All of lore.kernel.org
 help / color / mirror / Atom feed
* [Intel-gfx] [PATCH] drm/i915: Mark up racy read of rq->engine
@ 2020-04-23 11:58 Chris Wilson
  2020-04-23 13:25 ` [Intel-gfx] ✗ Fi.CI.BAT: failure for " Patchwork
  2020-04-23 14:53 ` [Intel-gfx] [PATCH] " Tvrtko Ursulin
  0 siblings, 2 replies; 4+ messages in thread
From: Chris Wilson @ 2020-04-23 11:58 UTC (permalink / raw)
  To: intel-gfx; +Cc: Chris Wilson

As the i915_request.engine may be updated by a virtual engine to either
point to the virtual engine or the real physical engine on submission,
we have to be wary that the engine pointer may change.

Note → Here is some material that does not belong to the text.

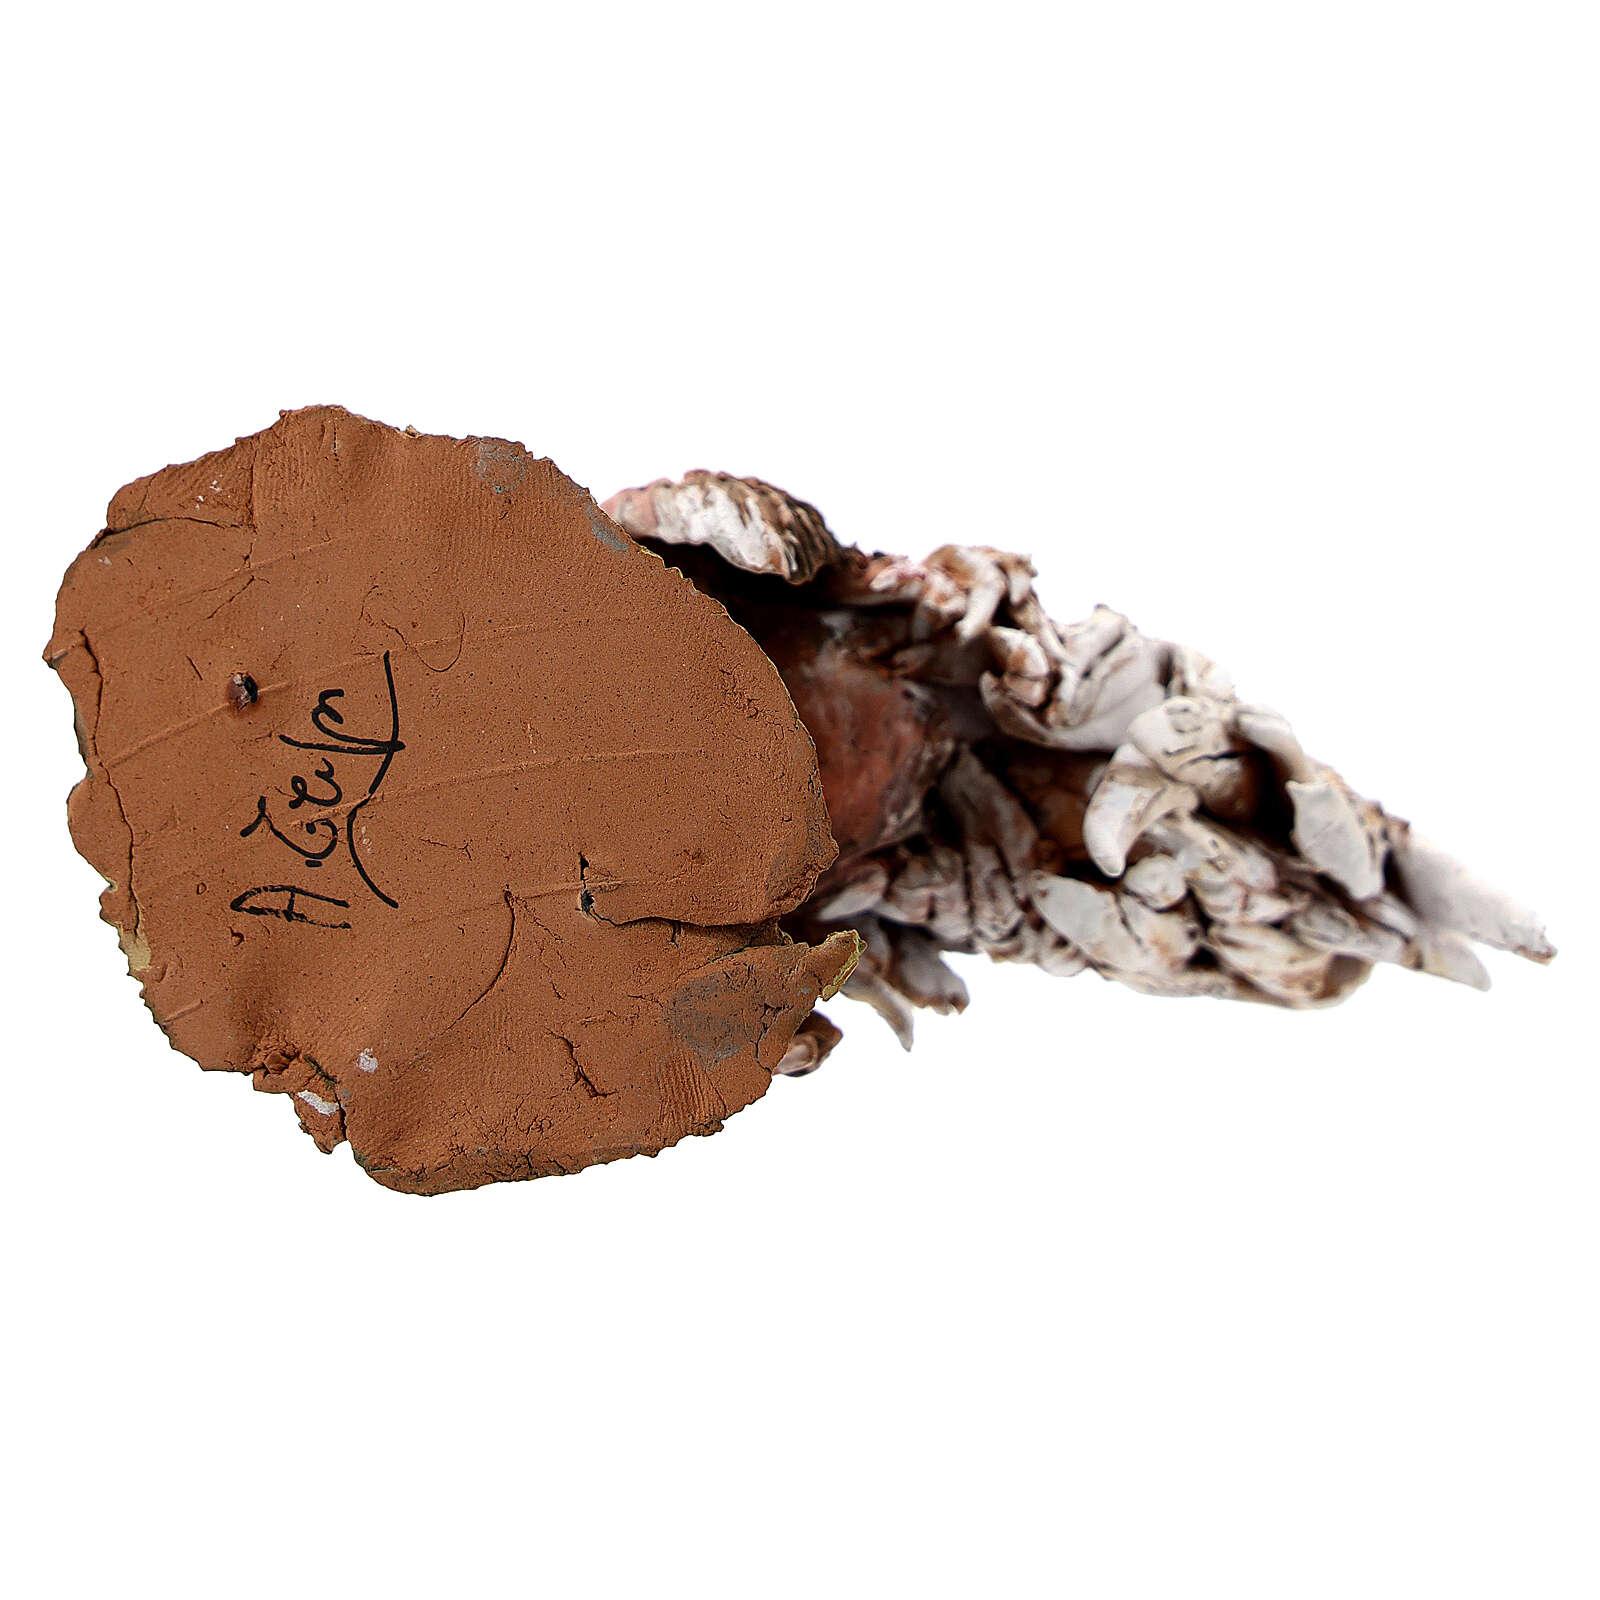 Coq en terre cuite crèche 30 cm Angela Tripi 4

[  213.317076] BUG: KCSAN: data-race in execlists_dequeue [i915] / i915_request_wait [i915]
[  213.317097]
[  213.317110] write (marked) to 0xffff8881e8647650 of 8 bytes by interrupt on cpu 2:
[  213.317386]  execlists_dequeue+0x43b/0x1670 [i915]
[  213.317645]  __execlists_submission_tasklet+0x48/0x60 [i915]
[  213.317905]  execlists_submission_tasklet+0xd3/0x170 [i915]
[  213.317926]  tasklet_action_common.isra.0+0x42/0x90
[  213.317943]  __do_softirq+0xc8/0x206
[  213.317958]  irq_exit+0xcd/0xe0
[  213.317980]  irq_work_interrupt+0xf/0x20
[  213.317999]  __tsan_read8+0x30/0x100
[  213.318272]  retire_requests+0xdd/0xf0 [i915]
[  213.318502]  engine_retire+0xa6/0xe0 [i915]
[  213.318519]  process_one_work+0x3af/0x640
[  213.318534]  worker_thread+0x80/0x670
[  213.318548]  kthread+0x19a/0x1e0
[  213.318566]  ret_from_fork+0x1f/0x30
[  213.318584]
[  213.318595] read to 0xffff8881e8647650 of 8 bytes by task 458 on cpu 1:
[  213.318847]  i915_request_wait+0x3e3/0x510 [i915]
[  213.319088]  i915_gem_object_wait_fence+0x81/0xa0 [i915]
[  213.319328]  i915_gem_object_wait+0x26b/0x560 [i915]
[  213.319578]  i915_gem_wait_ioctl+0x141/0x290 [i915]
[  213.319597]  drm_ioctl_kernel+0xe9/0x130
[  213.319613]  drm_ioctl+0x27d/0x45e
[  213.319628]  ksys_ioctl+0x89/0xb0
[  213.319648]  __x64_sys_ioctl+0x42/0x60
[  213.319666]  do_syscall_64+0x6e/0x2c0
[  213.319680]  entry_SYSCALL_64_after_hwframe+0x44/0xa9

In this case, we are merely trying to flush the most recent engine
associated with the request, and do not care which as the process of
chaing the engine is done by a tasklet, with which we are yielding to.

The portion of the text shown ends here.